Two years after I began having seizures I met a graf writer from LA who writes “THANKS.” I told him I liked the moniker, he replied “....thanks.” with a knowing nod. He finished his beer, grabbed a can, and went with unbelievable force, like no one I have ever seen, at the wall. He climbed it, attacked it, hated it, thrashed it, ground the can into the wall… all with a blessedly calm consumption that betrayed the intensity and severity and just anger of his lines. His pieces are, even for graffiti, thoroughly illegible. But motion translates. There are pieces with sharp and dynamic lines, some even more illegible than his, but no one can touch the expressive impact of his brand of nonsense.
It’s like trying to get your head around the severity and intensity and weight of a hieroglyph, one whose meaning is unknown. Who knows what it means, but lord does it mean it well, and with force.
It’s like the mystery of hearing another language spoken and wondering about the intensity and emphasis on certain syllables… are they playful or angry? Is that gesture rude within the entire culture, or does this individual just do that himself?
Or how Chinese tonal music can sound like chalkboard razors to Western ears. The meaning is wholly unknown and an amalgam of sounds that could mean anger or satisfaction or pining or true love or any number of musically expressed emotions all played at once and seemingly at the wrong times.
Anyone who listens can interpret that there is meaning packaged, the impulse that forced the words from their mouth was a real one… built of the basic blocks that form all emotions, but stacked differently, blended in ways we’re not familiar with.
But the gaze is there. Illegible shapes that look directly at you.
And frantic, extraneous, quark-path movements of frustration and exasperation… well I had a lot of those to go around.
I just didn’t know where to put them.
I wished I had a steel stencil I could flail and scream through.
One that would filter all recognizable meaning and do the thinking I was momentarily incapable of as those moments arrived and departed with violent uncertainty. I couldn’t rely on myself to be there while I was painting.
A solid pinball bay I could loose bearings upon and watch the lights and bumpers seize, keeping the ones that happened to catch meaning as they flew.
One night, while trying to do something else, I did. Entirely on accident. Through a maneuver I had always figured would work but had never tried, for whatever unknown reason. It was a concept conceived before technology allowed, so my first generation Ipad, the contemporary photoshop of the time, and I patiently waited ten years and forgot.
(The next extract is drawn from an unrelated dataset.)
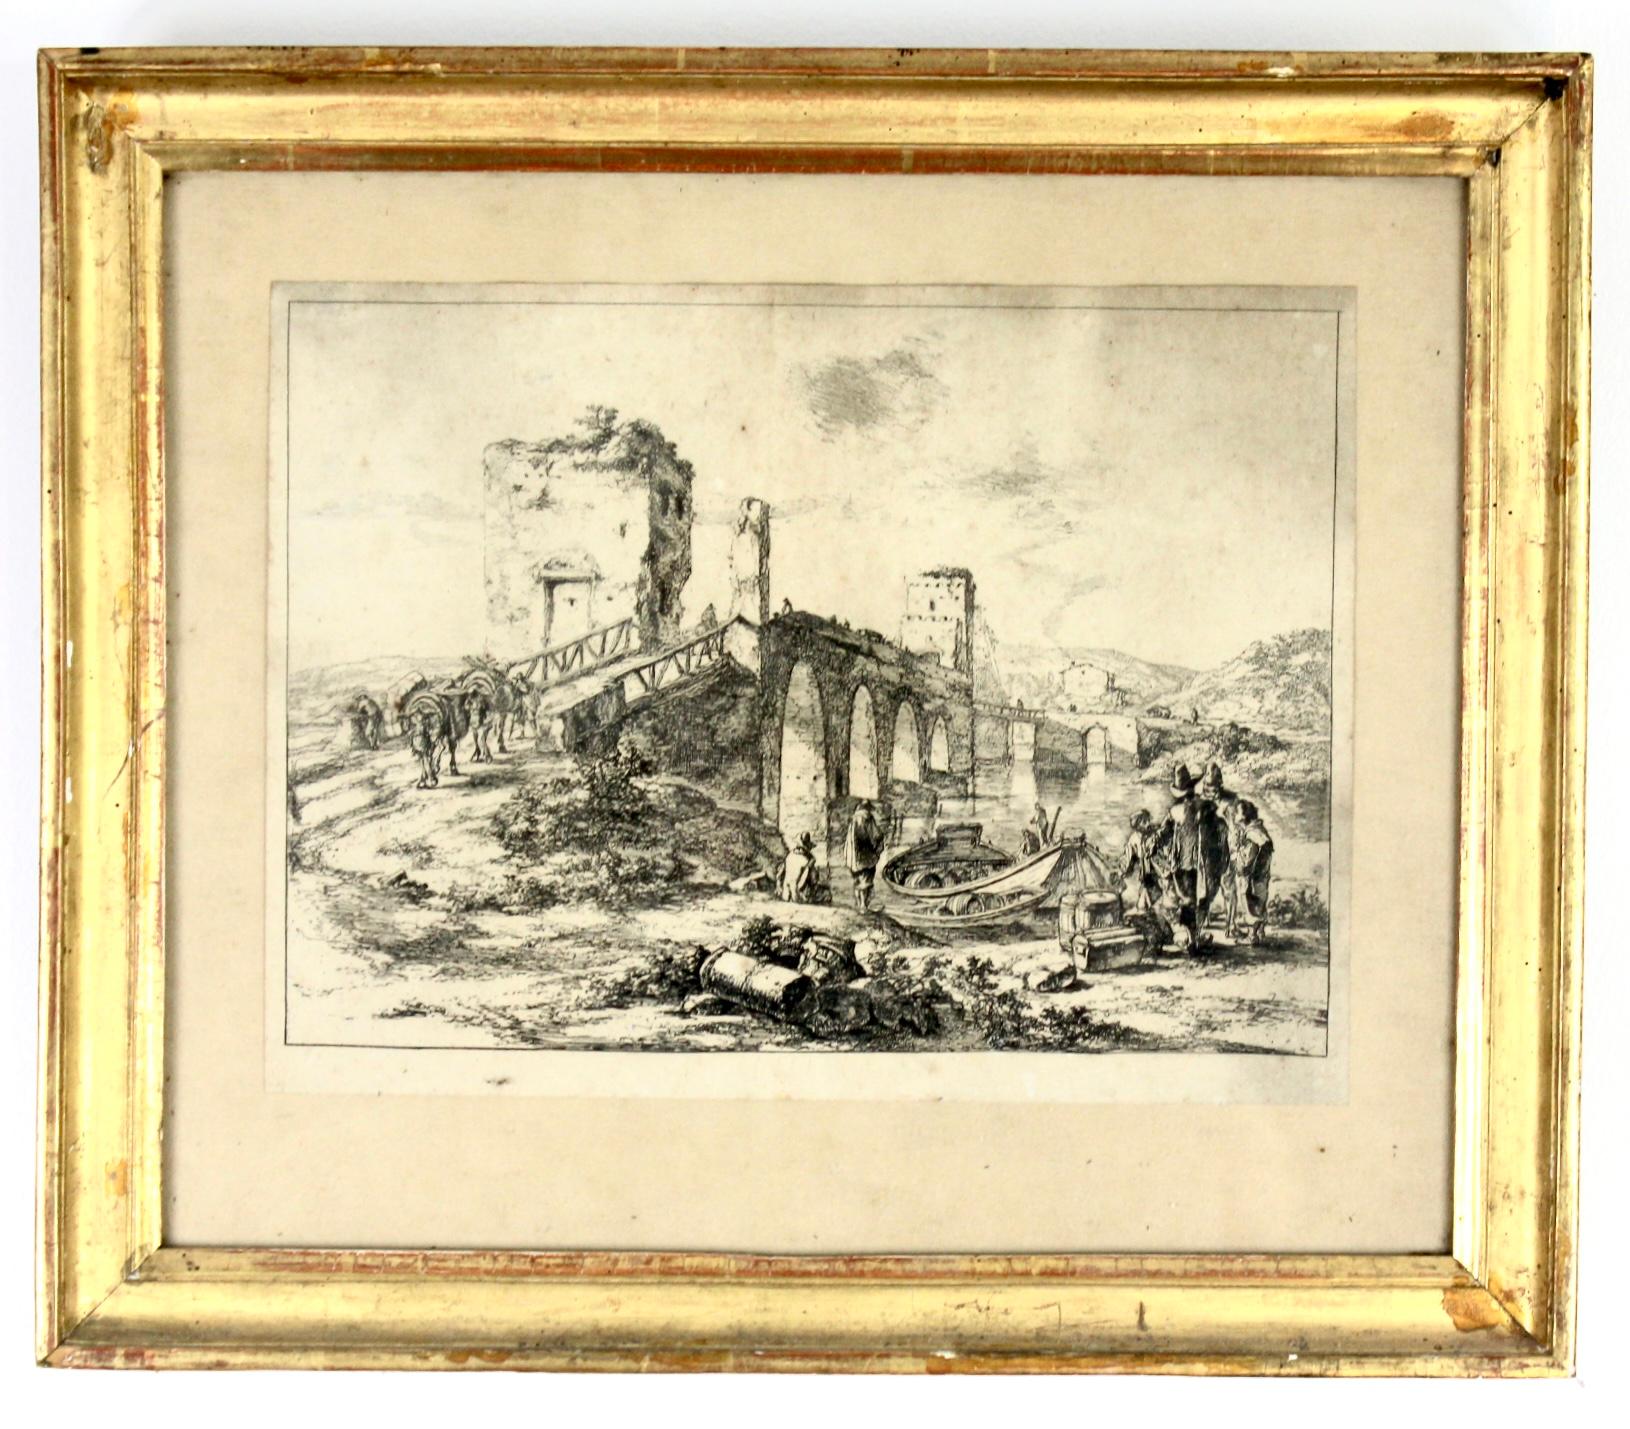 Very nice pair landscape engravings in the taste of the artist Claude le Lorrain. On the first one we can see an ancient bridge in ruins and the other one a mountain landscape by the water.
Sold with frames.

It took my absence from my own life to bring about a hail mary that had always had a good shot.
Seizures are like a hurricane that hits a warehouse in your brain. The things you need are now buried under utter randomness. One reaches for a “where were you last week” and finds “Hasdrubal was actually Hannibal Barca’s brother, not his father.”
So in exasperation, after a failed attempt at letters, I reluctantly reached for my knowledge of balance and color to find a way to correct it and encountered a glitch. There in the pile I found the lighting of a particularly bland gas station in Iowa, how to spell “Acquired”, the weird way that one guy used to say “Bolth,” the protocol for placing accents on vowels in spanish words and that I forgot to buy cigarettes.
When the nothing cleared, there it was.
Like the car keys you had in your hand the whole time you were frantically late for the most important meeting of your career.
The ones you found when they clattered to the ground when you finally let go.
Out of exasperation.
The shattering clink brings silence, then a feeling of stupidity. You realize that no one is watching, and that you have somewhere to be.
So you pick them up, forgive yourself, and fucking drive.